In their efforts to force fit the Old Testament Canon into the alphabetic pattern, the Jews had to combine
certain sets of books. This was very natural in most cases because some books, like First and Second Kings,
were originally undivided. Likewise, the Twelve Minor Prophets, known since ancient times as the Book of the Twelve because
they were written on a single scroll, could naturally be counted as one book. But when all such books were combined and
the tally taken, the total came to twenty-four. To arrive at the desired set of twenty-two books, they had to
combine two more pairs, which turned out to be Judges with Ruth, and Jeremiah with Lamentations according to Jerome in
his Prologue to Samuel and Kings . The first pair made
some sense because they treated the same time period (whihc is the reason given by Jerome), and the latter pair made
some sense because they were written by the same
prophet. But the combination just would not stick. McDonald, in his very thorough analysis called
The Formation of the Christian Biblical Canon , explains the probable reason for its failure:
There are strong reasons to believe that the twenty-four-book list actually preceded the twenty-two-book
list and that the latter was fashioned after the number of letters in the Hebrew alphabet. This appears to be more reasonable,
since the twenty-four-book collection is more simple than the twenty-two-book collection's awkward and arbitrary combination of
Ruth and Lamentations with Judges and Jeremiah. ... The practice of doubling up several books in the list in order to arrive
at the number twenty-two suggests that the number, more than its precise contents, was what was considered most important.

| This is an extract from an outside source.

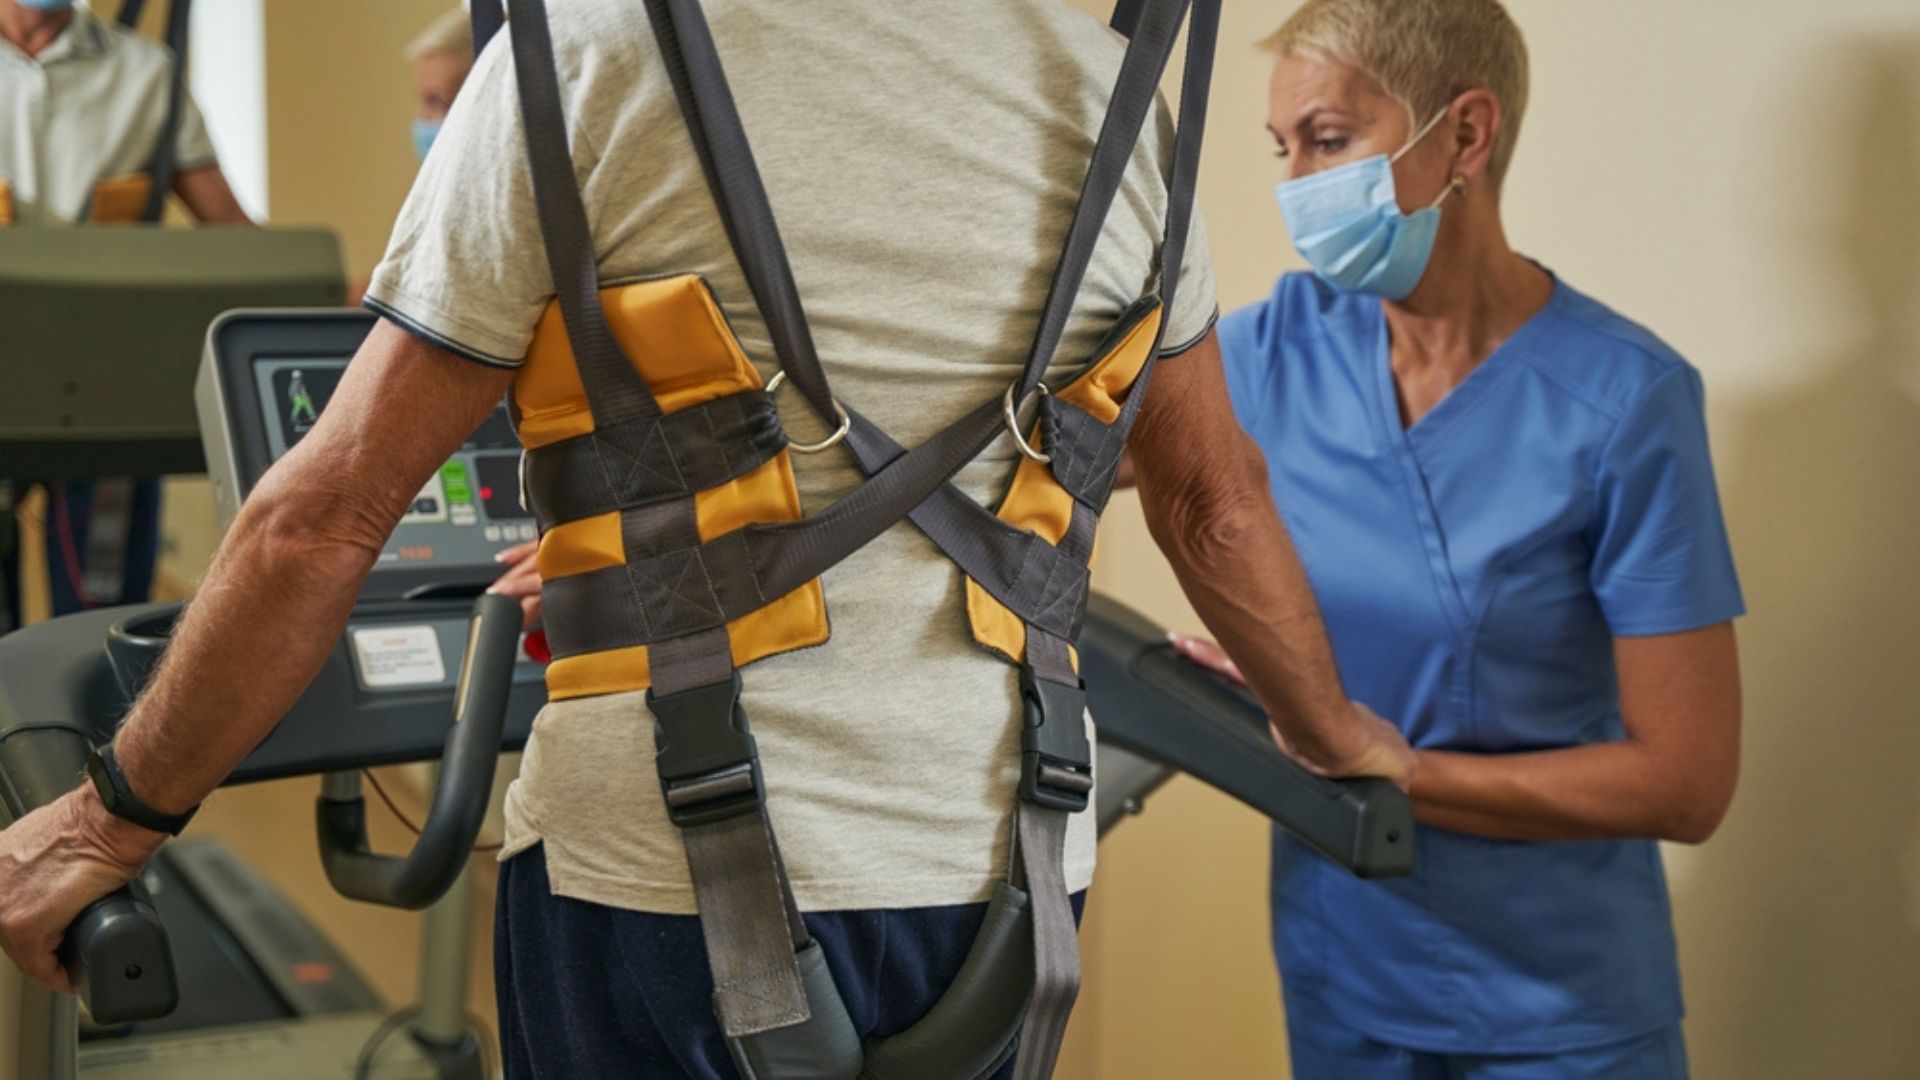 Man walking on treadmill wearing body weight support harness during physiotherapy session. Treadmill training to improve walking after stroke. Stroke rehabilitation at Propel Physiotherapy.
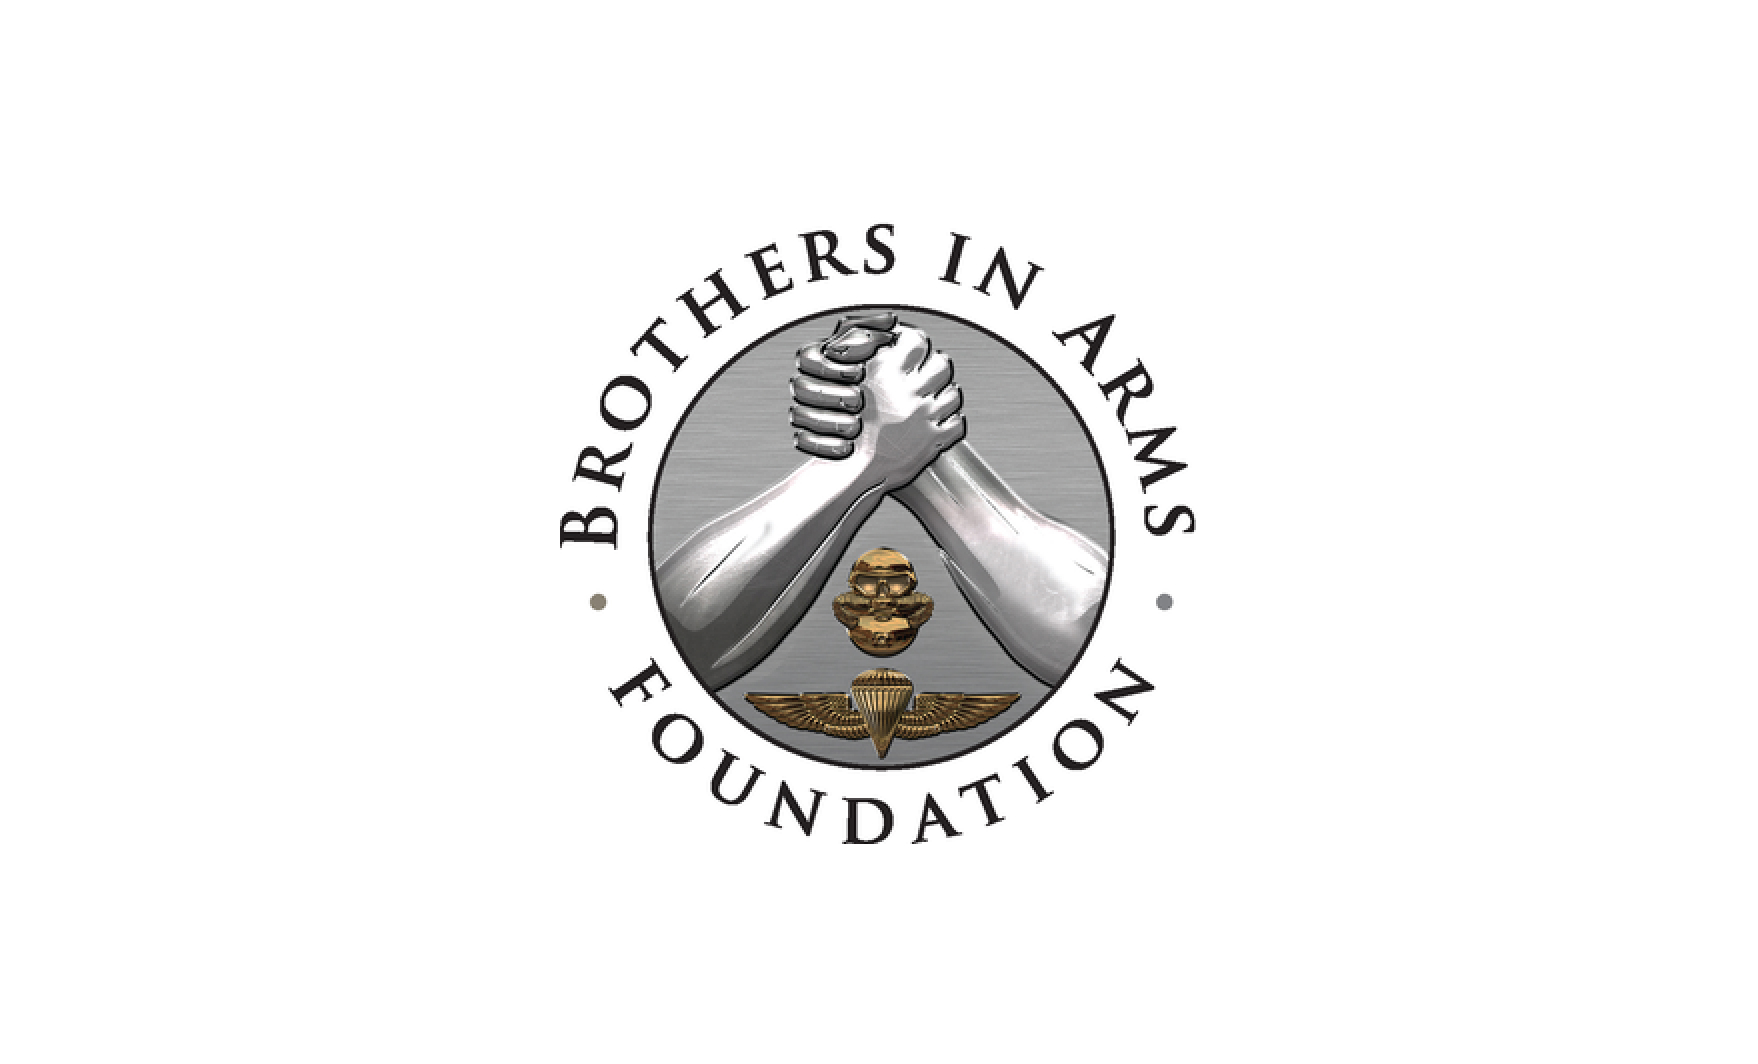 Brothers in Arms Foundation

Perhaps ... the number twenty-two was a holy number and thus all of the scriptures had to fit within that number.
Hence we have the doubling up of books that do not naturally belong together (for example, Judges and Ruth).
The failed effort to force fit the Jewish Bible into the alphabetic pattern bears eloquent witness to the incomparable grace and
wisdom of God’s hidden hand that guided the long, complicated, and often confused historical process that culminated in
what Scroggie called the "glorious superstructure" of the sixty-six book Christian Canon.
And now the ancient intuition that the Hebrew alphabet should encompass God's Word as a symbol of the completeness of its
Divine Wisdom is effortlessly realized by simply "rolling up the Bible like a scroll"
(see Chapter 1 of the Bible Wheel book) to reveal the direct correlation of the twenty-two
Letters with the twenty-two Spokes. This is the glory of God's Work in His design of Holy Scripture.